On the ochre plains of Del Valle, just outside Austin, Texas, a new factory is going up. Reminiscent of Tesla's Gigafactory, the facility is preparing to produce thousands of coin-sized brain implants per year. Exactly 102 years after Hans Berger attached electrodes to his son's scalp and watched a galvanometer needle tremble in 1924, humanity is entering an era of translating the brain's electrical whispers into the language of industry.
The 2026 roadmap hinges on three transitions. The first is the shift from manual work to automation. Neuralink's surgical robot R1 currently requires significant involvement from human medical staff to insert 64 electrode threads into the brain. The 2026 system Musk has previewed is different. He added that the device's threads will be able to pass directly through the dura without removing it. This technical leap will not only cut surgical time dramatically but also reduce trauma to brain tissue, making the procedure accessible to far more patients.

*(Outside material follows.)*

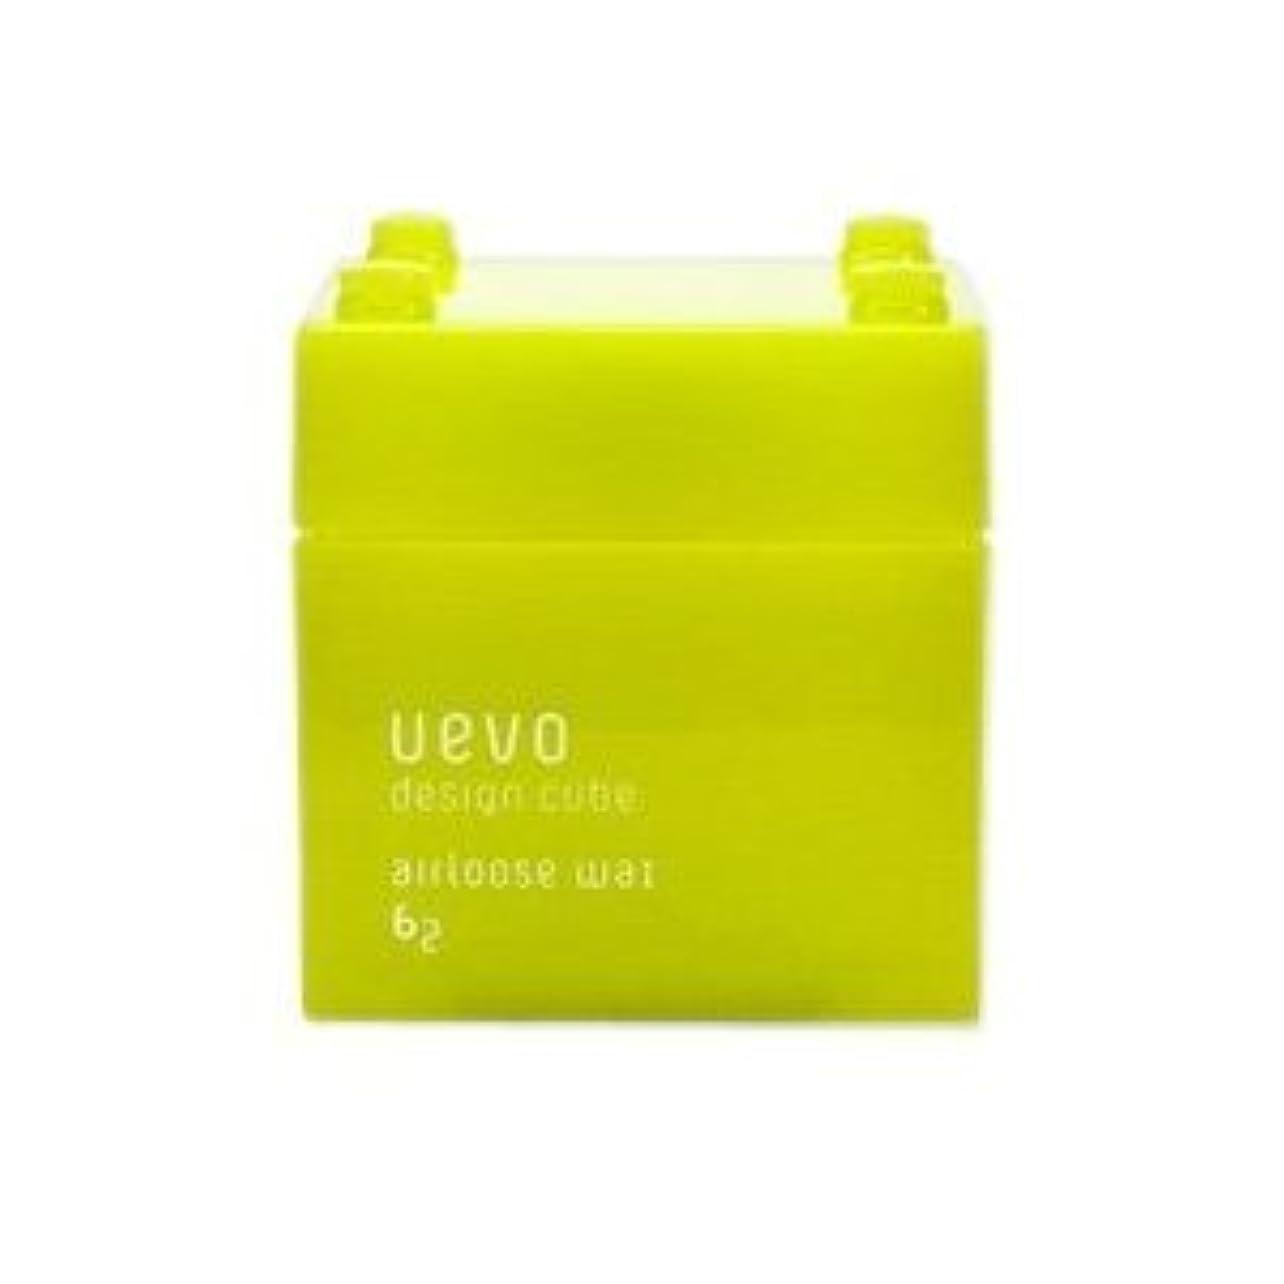 インセンティブヒステリック生物学【X2個セット】 デミ ウェーボ デザインキューブ エアルーズワックス 80g airloose wax DEMI uevo design cube

The second is the shift from laboratory to factory. As of September 2025, only 12 people worldwide had received a Neuralink implant. That number is smaller than a group of lottery winners. But mass production changes the equation. Neuralink's waiting list already has more than 10,000 registrants. MEMS (micro-electromechanical systems) technology borrowed from semiconductor manufacturing, combined with roll-to-roll production methods, has the potential to bring the cost per implant down from hundreds of thousands of dollars to just a few thousand. Experts predict the cost per device could fall below $5,000 by around 2026.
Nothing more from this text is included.